Salomão, que falava à agência Lusa à margem do VI Fórum Jurídico de Lisboa, considerou que esse é um cenário que pode acontecer , face à proximidade das eleições e à eventual morosidade processual dos também eventuais recursos que possam ser apresentados pelos advogados do ex-Presidente brasileiro.
A morosidade do direito eleitoral brasileiro poderá habilitar a candidatura do ex-Presidente Luís Inácio Lula da Silva nas presidenciais, explicou o juiz conselheiro brasileiro, considerando que esta questão é independente do pedido de 'habeas corpus' cuja decisão será conhecida quarta-feira no Brasil.
“O ‘habeas corpus’ é uma questão objetiva. (…) É saber se, depois da condenação em segunda instância, se a partir daí há uma presunção e um cumprimento imediato da pena. Essa não é uma questão tipicamente de direito penal. É uma questão de direito processual. A partir de que momento deve ser iniciado o cumprimento da pena”, afirmou.
Segundo Salomão, desde a década de 1940 até 2016, a jurisprudência no Brasil “era muito tranquila”, indo no sentido de se aguardar até ao último recurso para se iniciar o cumprimento da pena.
“Claro que, se houvesse elementos para uma prisão preventiva, aí sim, decretava-se a prisão antes, mas não como cumprimento antecipado da pena. Deveria aguardar-se até ao último recurso”, prosseguiu. o magistrado, que foi nomeado para o Supremo Tribunal de Justiça brasileiro por Lula da Silva.
“O que ocorreu há dois anos, foi uma guinada nessa jurisprudência. O Supremo, entendendo que alguns casos se protelavam por muito tempo, modificou esse entendimento e passou a entender que, depois do julgamento colegiado em segunda instância, permitiria o cumprimento antecipado da pena”, acrescentou.
“Essa decisão do Supremo foi muito dividida e alguns passaram a seguir isso e outro não. E, neste exato momento, o que se vai discutir, além do nome que está na capa do processo, é se a jurisprudência que prevalece é a anterior ou a atual”, salientou, indicando ser este o aspeto penal do processo.
O juiz conselheiro brasileiro explicou, depois, que uma eventual candidatura de Lula terá de passar pelo crivo do Direito Eleitoral.
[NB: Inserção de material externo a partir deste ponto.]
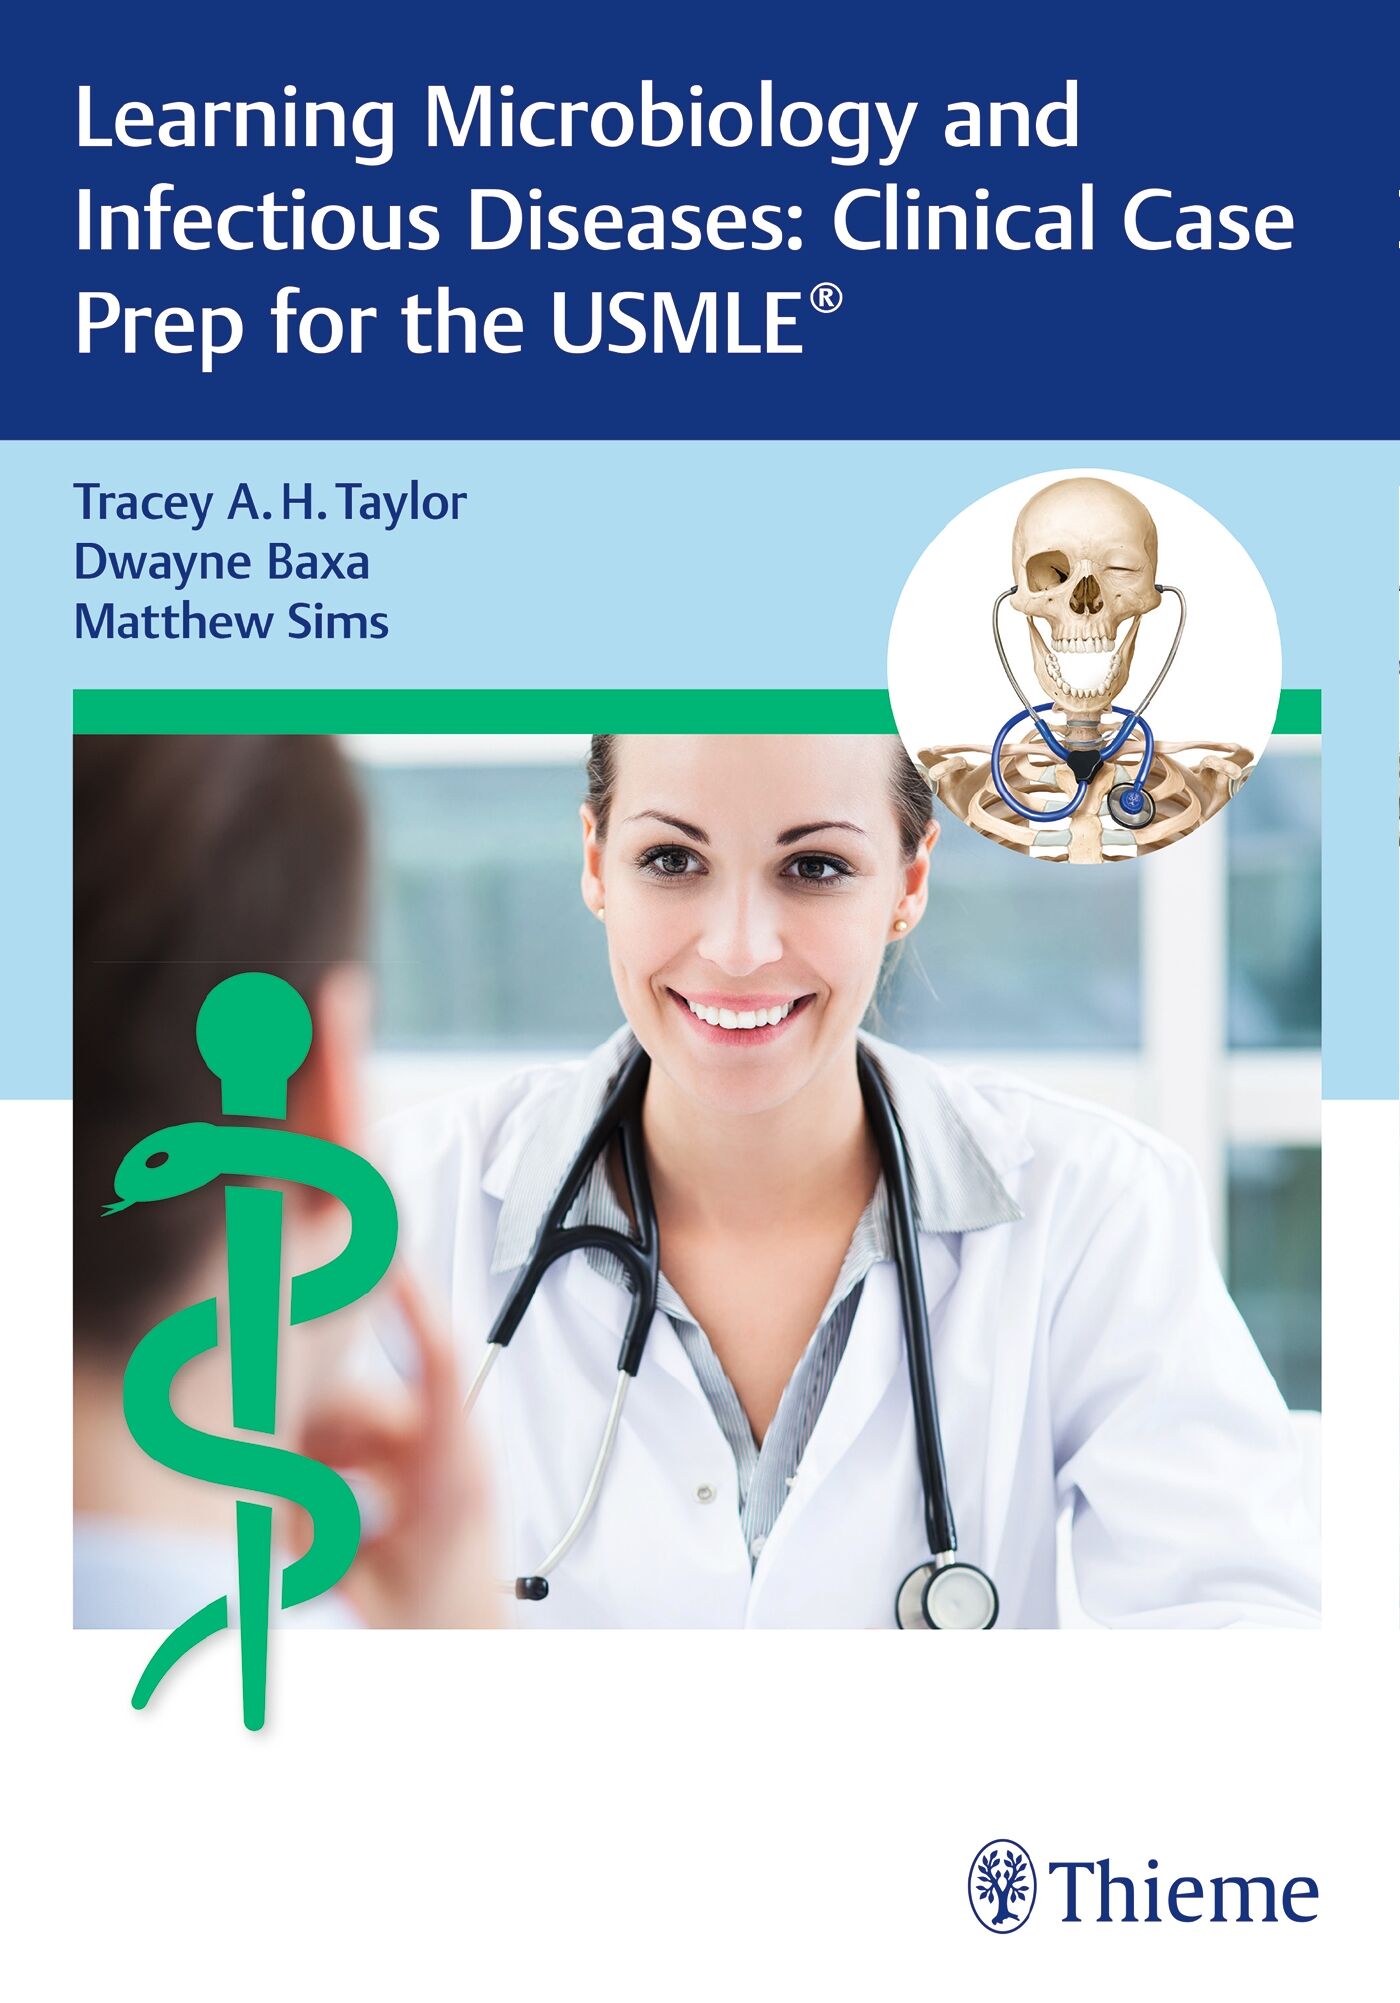 Learning Microbiology and Infectious Diseases: Clinical Case Prep for the USMLE®, 9781626235083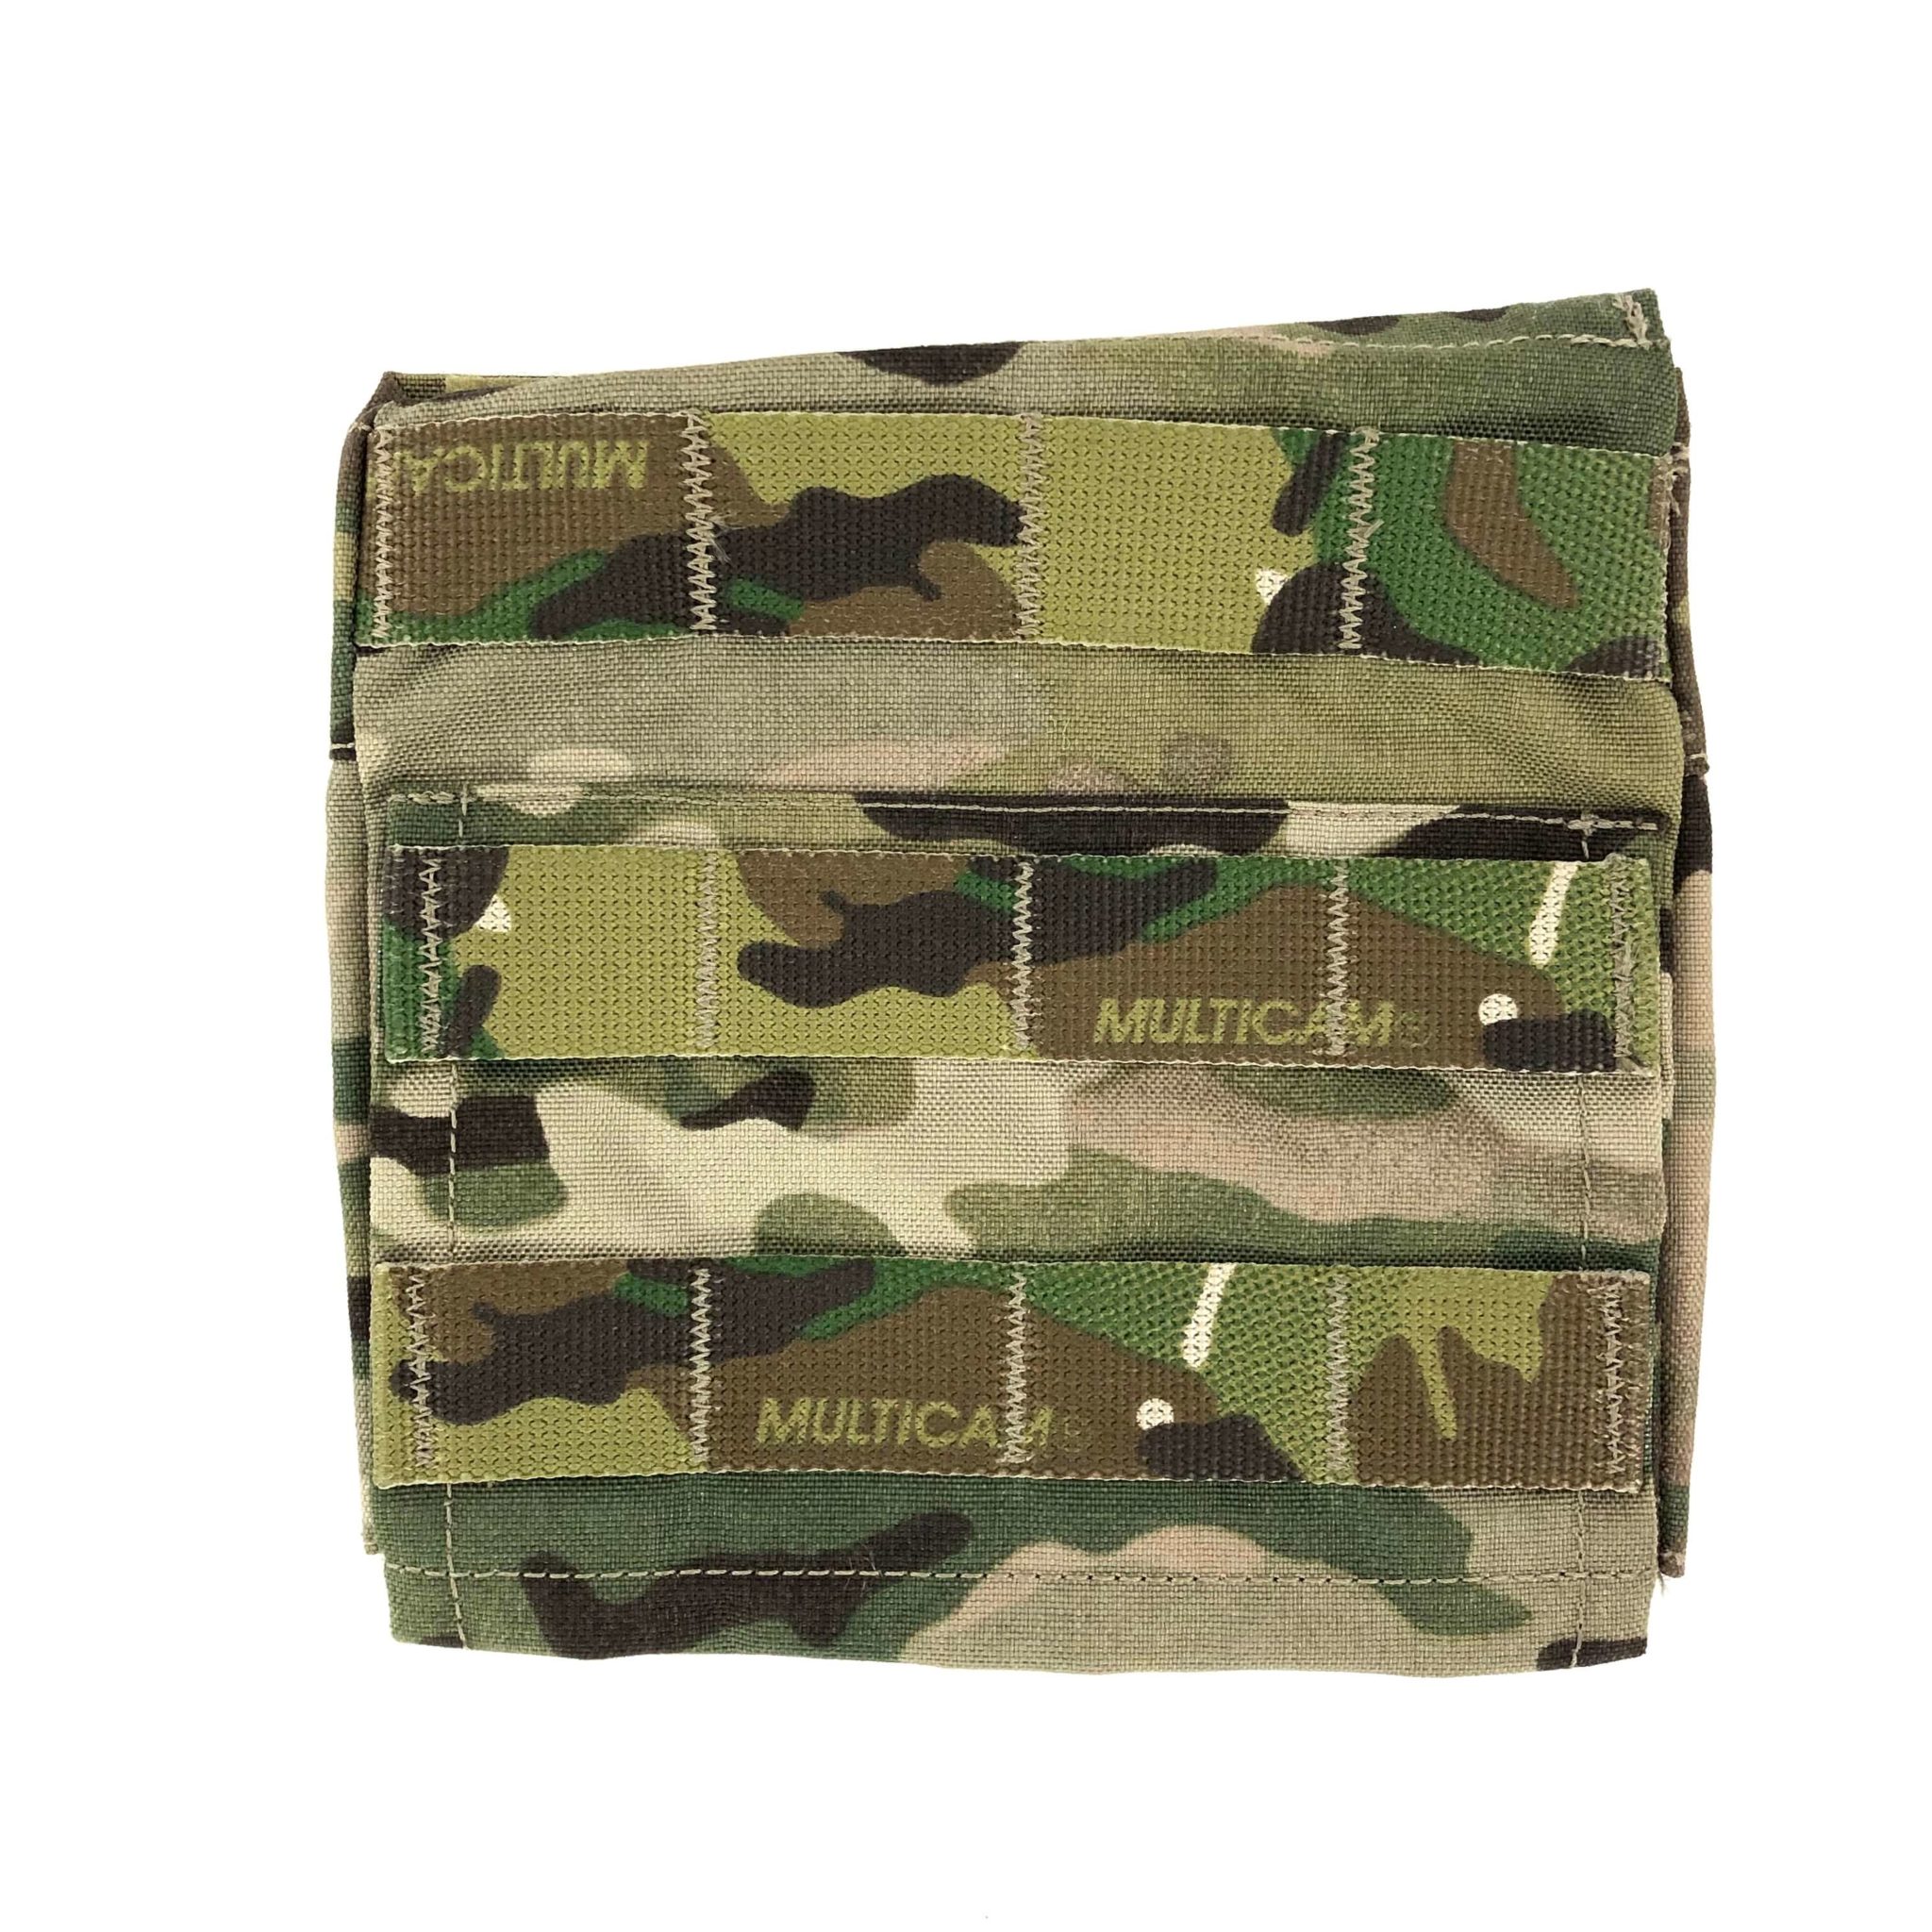 Multicam Crye Precision AVS 6" x 6" Side Armor Plate Pouch Carrier Set of 2

“E há o aspeto eleitoral, que no Brasil é bem separado" das questões penais. "Para o aspeto eleitoral, há uma lei, chamada ‘Lei da Ficha Suja’ – curiosidade: foi até o próprio presidente Lula quem a sancionou -, e essa lei, depois de uma condenação em segunda instância, impede o registo, mas não impede que se peça o registo. Pode-se pedir o registo e ele então será analisado com base nessa lei, que é muito objetiva, porque é impeditiva do registo e o juiz eleitoral tem pouca margem da interpretação da lei”, continuou.
“Mas aí cabem os recursos no âmbito da justiça eleitoral e aí pode ser que, pela demora dos recursos, permaneça ou não a candidatura. Tudo aí é ainda muito impreciso. Em Direito, não há ainda nenhuma resposta objetiva”, concluiu Salomão, deixando assim aberta a possibilidade de Lula se apresentar como candidato.
Instado a comentar a atual crise política e de valores no Brasil, o juiz conselheiro admitiu que o país vive um ambiente “muito tumultuado”.
“A nossa história da República, e sobretudo depois da Constituição de 1988, que agora é a mais longeva do nosso país, vem apresentando instrumentos e perspetivas que permitem a solução desses problemas”, sublinhou, admitindo, porém, que há, em outubro, com as presidenciais, uma possibilidade de alterar o panorama.
“Temos aí já a eleição presidencial, que se avizinha e é possível antever uma solução para essa turbulência política com a escolha de uma nova liderança que, tenho a certeza, vai conduzir o país a bom termo”, finalizou.
Onze juízes do Supremo Tribunal Federal (STF) do Brasil julgam na quarta-feira o 'habeas corpus' preventivo solicitado pela defesa de Luiz Inácio Lula da Silva para evitar a sua prisão após condenação pela segunda instância num caso que envolve um apartamento de luxo na cidade do Guarujá.
O ex-Presidente brasileiro, condenado em duas instâncias, pode ser preso se a maioria dos juízes do STF decidir contra o pedido da defesa.